And fourth, we utilized catRAPID Global Score with weighted fragmentation to predict FMRP/SARS-CoV-2 interactions. The fragmentation weighted option generates interaction predictions using intact RBP (FMRP) and fragments of the RNA (100–200 nucleotides of positive or negative SARS-CoV-2 RNA), and is useful for the study of RNAs, which are larger than 1,000 nucleotides. FMRP and SARS-CoV-2 RNA are predicted to interact with propensities of 0.93 (positive sense) and 0.87 (negative sense). The top predicted interaction sites for positive and negative sense SARS-COV-2 are provided in the Supplementary Figure S1. Of note, 8 negative sense SARS-CoV-2 RNA fragments spanned the putative G-quartet region and exhibited an average interaction propensity of 5.8 ± 1.2 with FMRP. For comparison of interaction propensities, FMRP interacts with human mRNAs including CAMK2A (BC040457.1), PSD-95 (U83192.1) and APP (BC065529.1) with global scores of 0.54, 0.68 and 0.71, respectively, using the weighted algorithm.

Overall, these molecular modeling studies indicate an overwhelming plentitude of potential interactions between FMRP and SARS-CoV-2 RNA, which remain to be experimentally validated. FMRP is predicted to bind along 25 kB of the 29.8 kB length of positive and negative sense SARS-CoV-2 RNAs such that the RNA could act as a sink for FMRP and other RBP and prevent their normal function.
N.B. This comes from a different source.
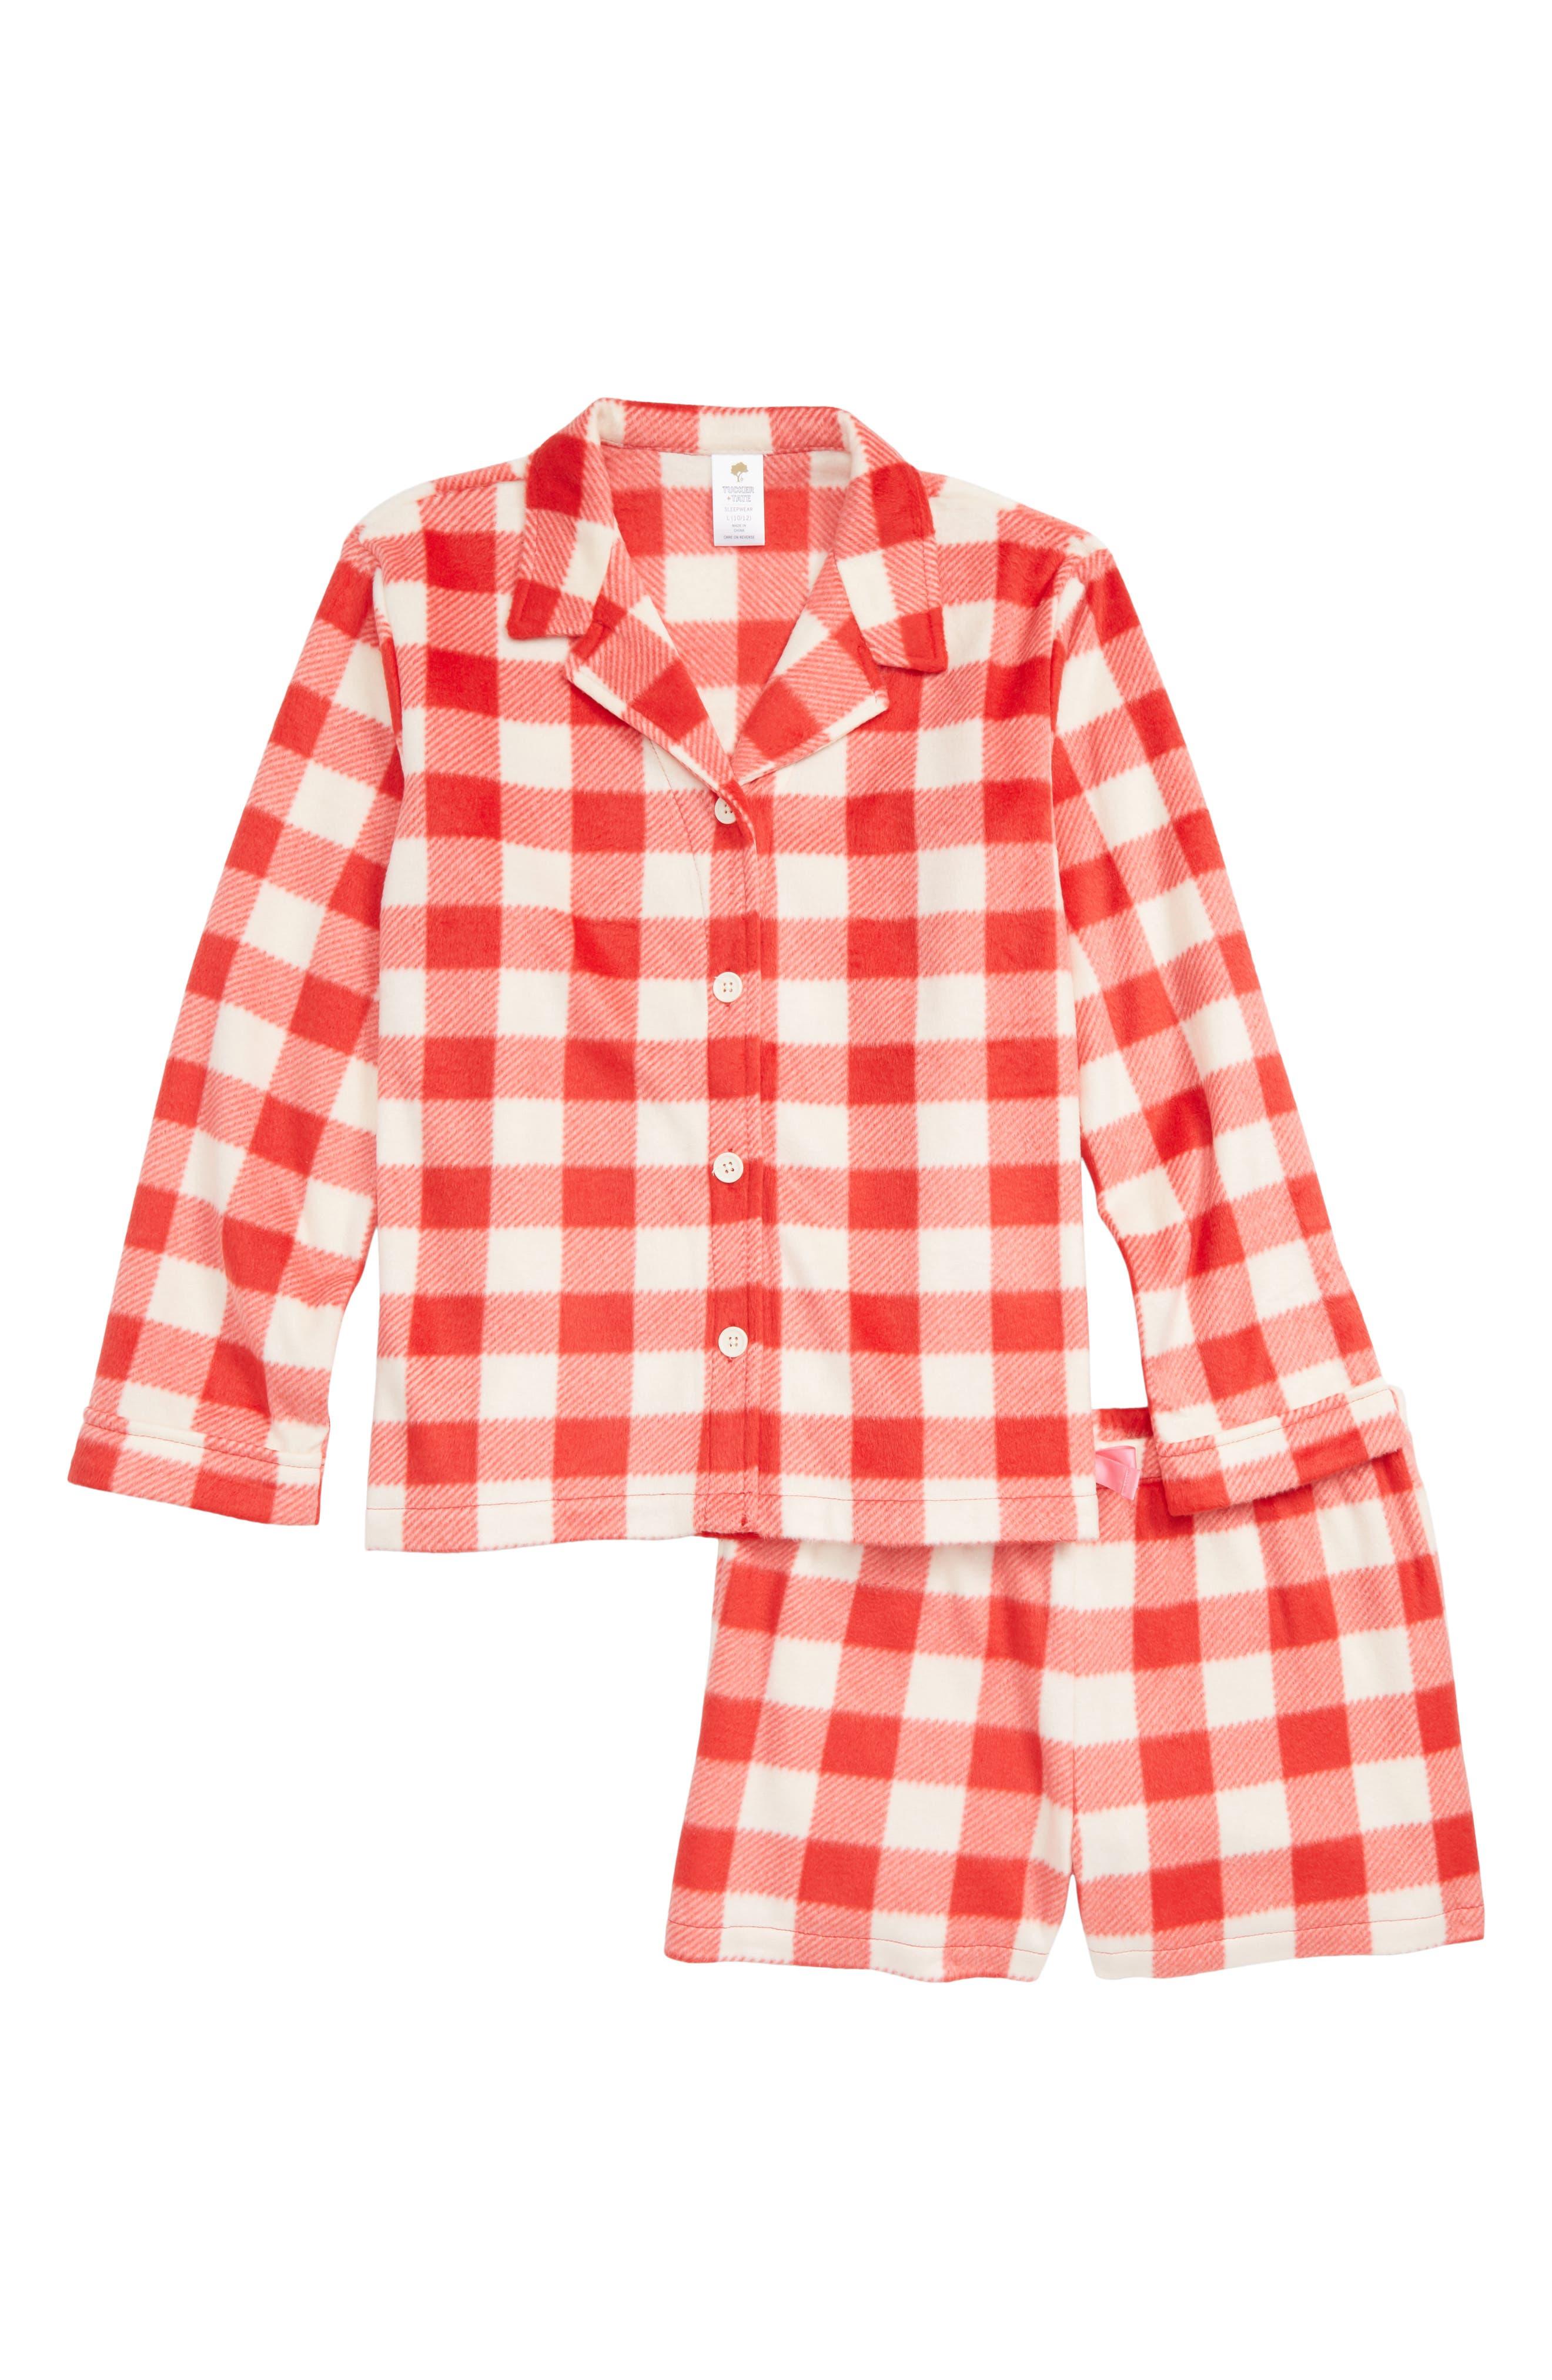 Collared Fleece Pajamas,                             Main thumbnail 1, color,                             RED BLOOM CHECK

The predicted interaction propensities of FMRP with SARS-CoV-2 positive and negative sense RNAs are stronger than known FMRP target mRNAs.

Repurposing mGluR5 Inhibitors for Treatment of COVID-19

The leading drug target to date for FXS is the glutamate-activated, G-protein-coupled receptor mGluR5, which signals through FMRP (Bear et al., 2004; Stoppel et al., 2017). The mGluRs contain a large extracellular amino terminal domain, a heptahelical transmembrane region, and an intracellular carboxy terminal domain. Negative allosteric modulators (NAMs) of mGluR5 bind to the transmembrane heptahelical domain. These drugs are potent, non-competitive, selective and systematically active allosteric antagonists that are under study for a range of indications including anxiety, epilepsy, pain, depression, Parkinson’s disease, gastroesophageal reflux disease, FXS, autism, and addiction (Westmark, 2014). There has been a concerted effort to repurpose mGluR5 NAMs for the treatment of FXS where these drugs rescue disease phenotypes in multiple preclinical models and have been safely tested in clinical trials (Gravius et al., 2010; Michalon et al., 2012; Scharf et al., 2015; Berry-Kravis et al., 2017). Although mGluR5 expression is enriched in brain tissue, the receptor is ubiquitously expressed in the body including the lungs2. We hypothesize that mGluR5 NAMs could be a prophylactic treatment to slow viral protein synthesis in patients infected with SARS-CoV-2.

Treatment of COVID-19 will likely require a therapeutic cocktail approach. Lead candidate drugs have been reviewed and include angiotensin receptor blockers, statins, remdesivir, chloroquine, hydroxychloroquine, lopinavir-ritonavir and interferon-beta (Kupferschmidt and Cohen, 2020). Angiotensin receptor blockers and statins upregulate ACE2, the SARS-CoV-2 host receptor, and are expected to increase the host response to infection allowing the patient to recover on their own (Fedson et al., 2020). Remdesivir shuts down viral replication by inhibiting viral RNA polymerase and has been shown to inhibit both the SARS and MERS viruses but not Ebola. Remdesivir must be given intravenously and is expensive. Chloroquine and hydroxychloroquine decrease the acidity of cellular endosomes compartments, which are involved in the degradation of foreign material. These drugs require high doses that could cause severe toxicity and many side effects. Lopinavir-ritonavir inhibits the HIV protease and has been shown effective in marmosets infected with the MERS-CoV virus. Interferon-beta regulates inflammation. A combination of lopinavir-ritonavir with interferon-beta has lessened disease severity in marmosets with MERS-CoV but could be risky for patients with severe COVID-19 and lead to more tissue damage. Other drugs under investigation for COVID-19 include corticosteroids and baricitinib, which reduce inflammation in the treatment of rheumatoid arthritis; camostat mesylate, which inhibits a human protein involved with infection; anti-viral drugs including the influenza drug favipiravir; and additional HIV antivirals (Kupferschmidt and Cohen, 2020). An alternative therapeutic strategy is to boost immunity with plasma from convalesced COVID-19 patients or monoclonal antibodies directed at SARS-CoV-2.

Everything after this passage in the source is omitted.